Sarcoplasmic reticulum calcium content fluctuation is the key to cardiac alternans.

The aim of this work was to investigate whether beat-to-beat alternation in the amplitude of the systolic Ca(2+) transient (Ca(2+) alternans) is due to changes of sarcoplasmic reticulum (SR) Ca(2+) content, and if so, whether the alternans arises due to a change in the gain of the feedback controlling SR Ca(2+) content. We found that, in rat ventricular myocytes, stimulating with small (20 mV) depolarizing pulses produced alternans of the amplitude of the Ca(2+) transient. Confocal measurements showed that the larger transients resulted from propagation of Ca(2+) waves.
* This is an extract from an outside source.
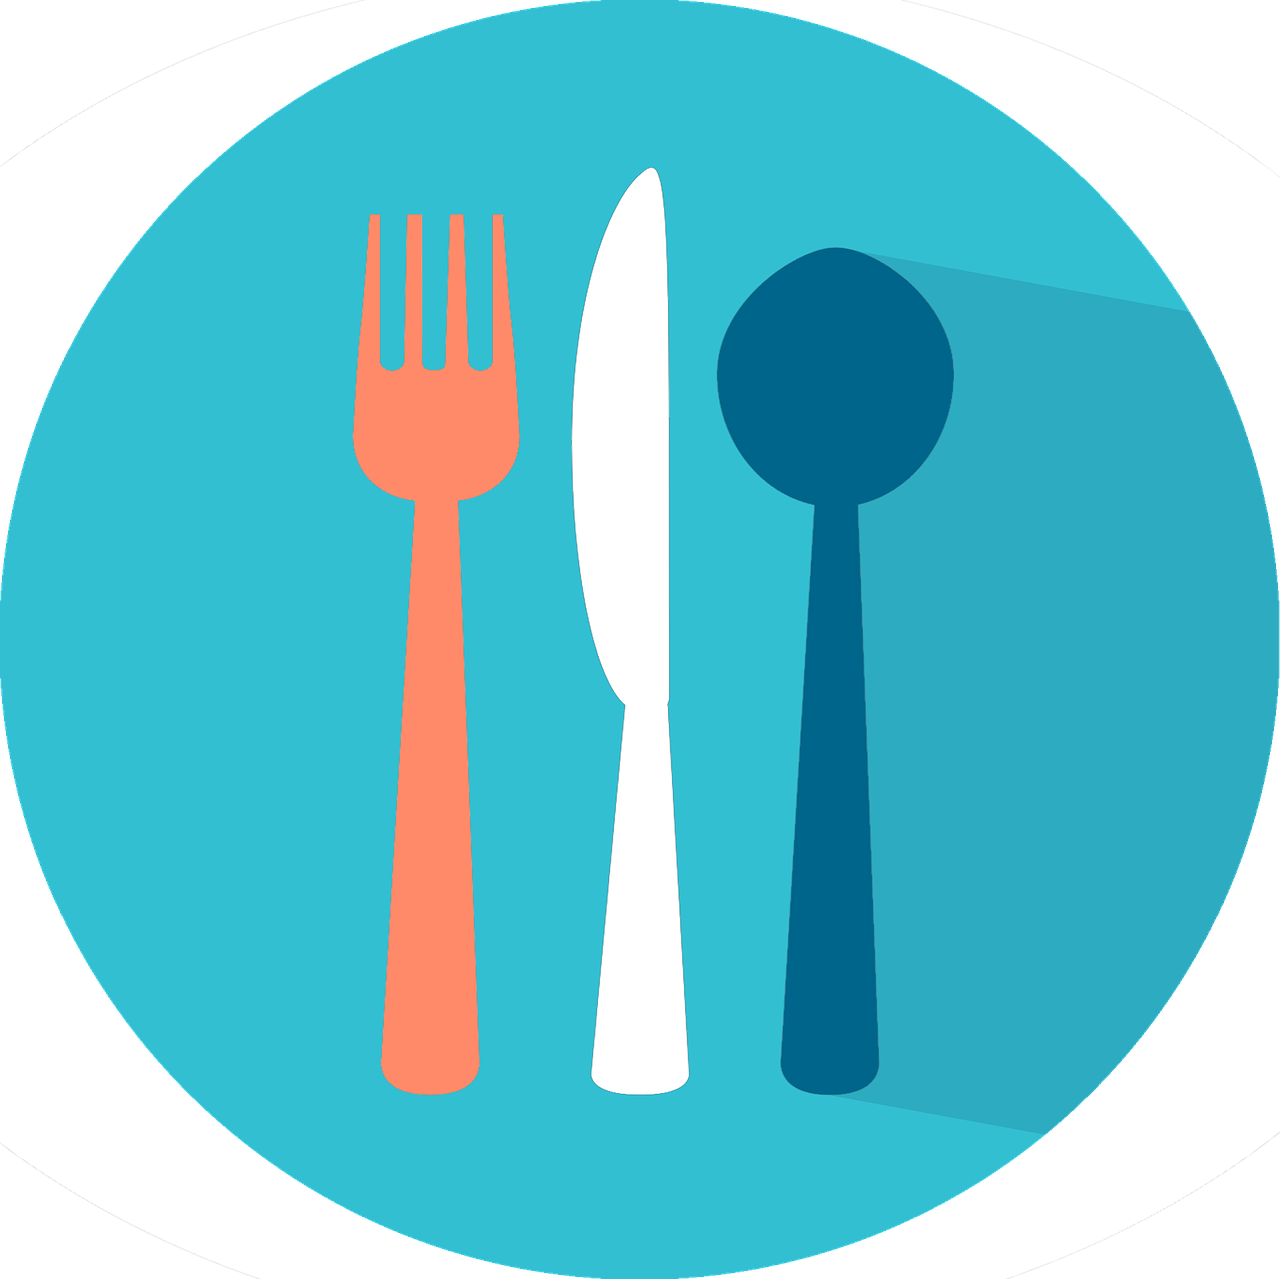 갑상선 기능 항진증 음식
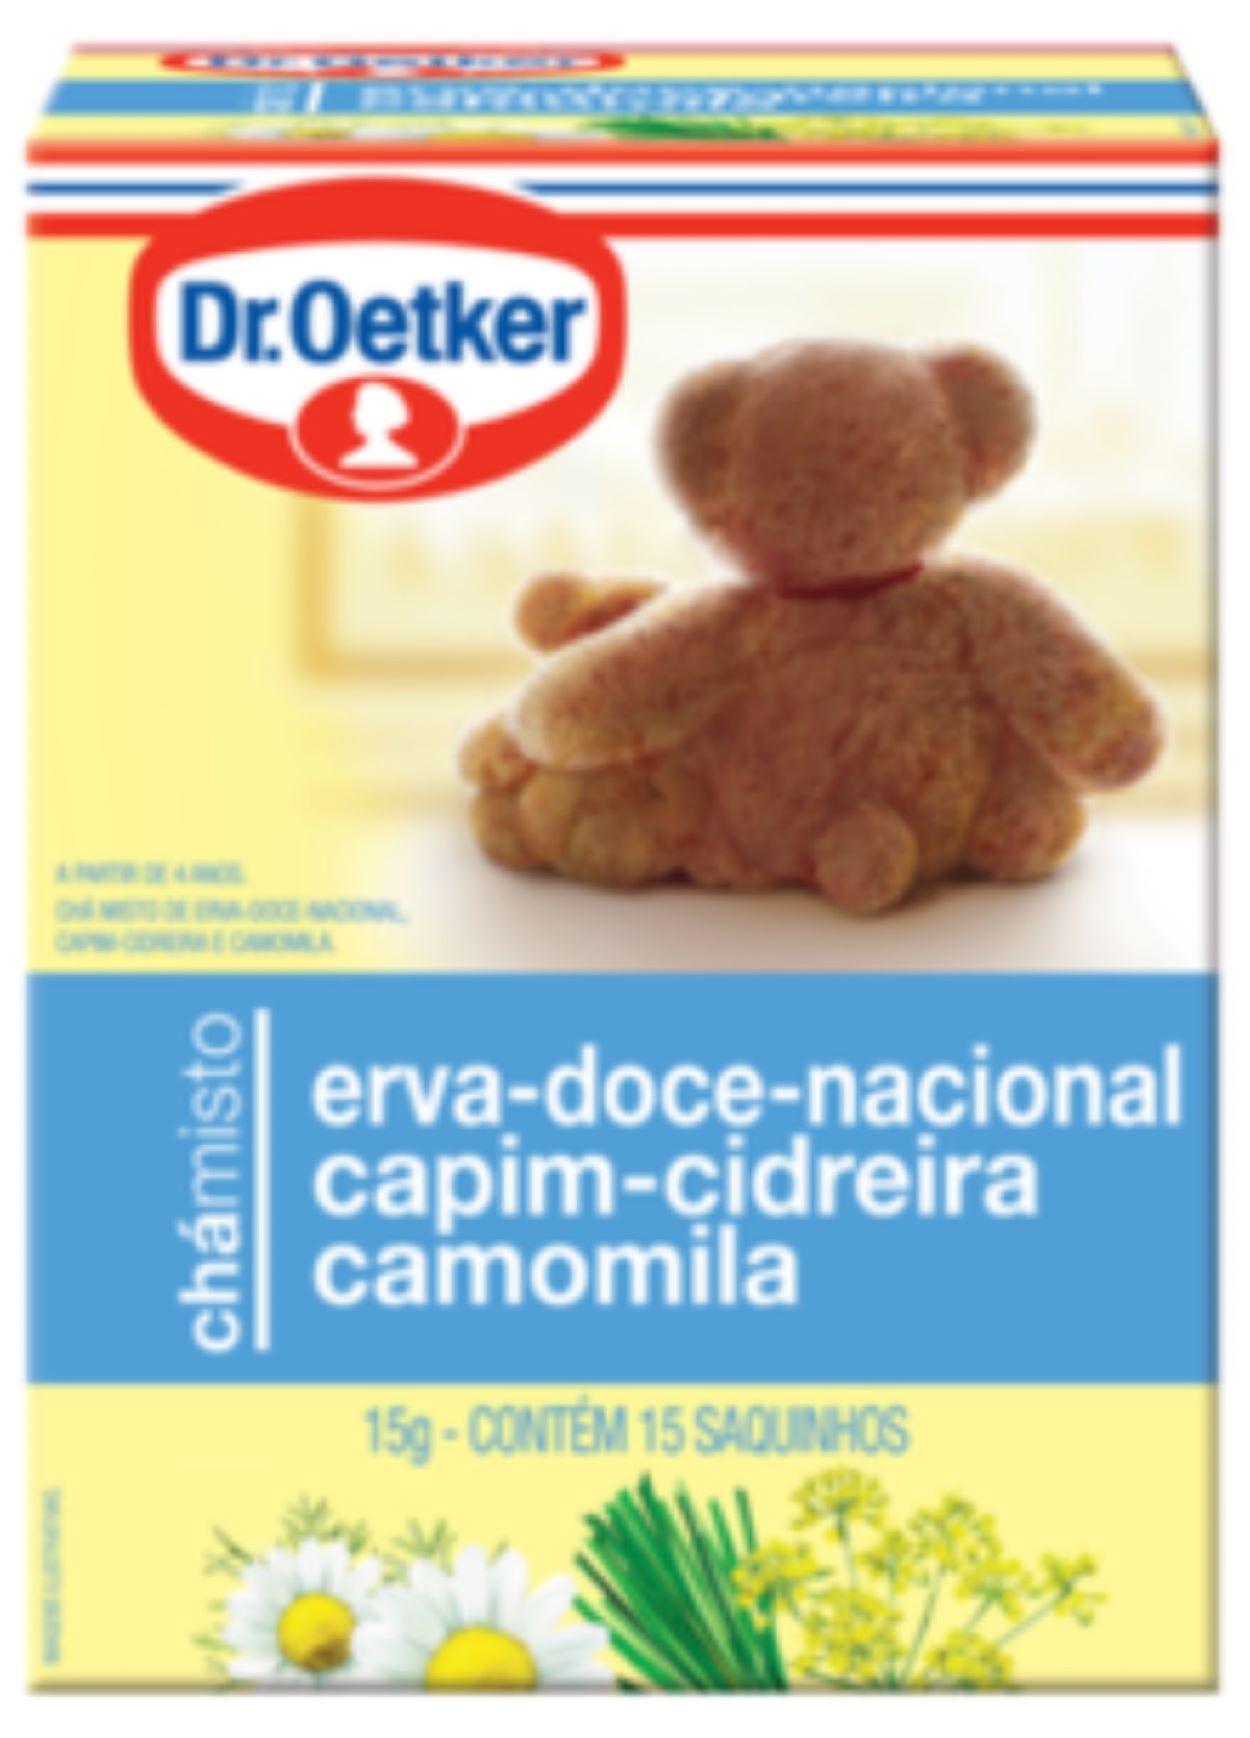 Chá Erva Doce, Cidreira e Camomila Dr. Oetker Kit com 4 Caixas

SR Ca(2+) content (measured from caffeine-evoked membrane currents) alternated in phase with the alternans of Ca(2+) transient amplitude. After a large transient, if SR Ca(2+) content was elevated by brief exposure of the cell to a Na(+)-free solution, then the alternans was interrupted and the next transient was also large. This shows that changes of SR Ca(2+) content are sufficient to produce alternans. The dependence of Ca(2+) transient amplitude on SR content was steeper under alternating than under control conditions. During alternation, the Ca(2+) efflux from the cell was also a steeper function of SR Ca(2+) content than under control. We attribute these steeper relationships to the fact that the larger responses in alternans depend on wave propagation and that wave propagation is a steep function of SR Ca(2+) content. In conclusion, alternans of systolic Ca(2+) appears to depend on alternation of SR Ca(2+) content. This, in turn results from the steep dependence on SR Ca(2+) content of Ca(2+) release and therefore Ca(2+) efflux from the cell as a consequence of wave propagation.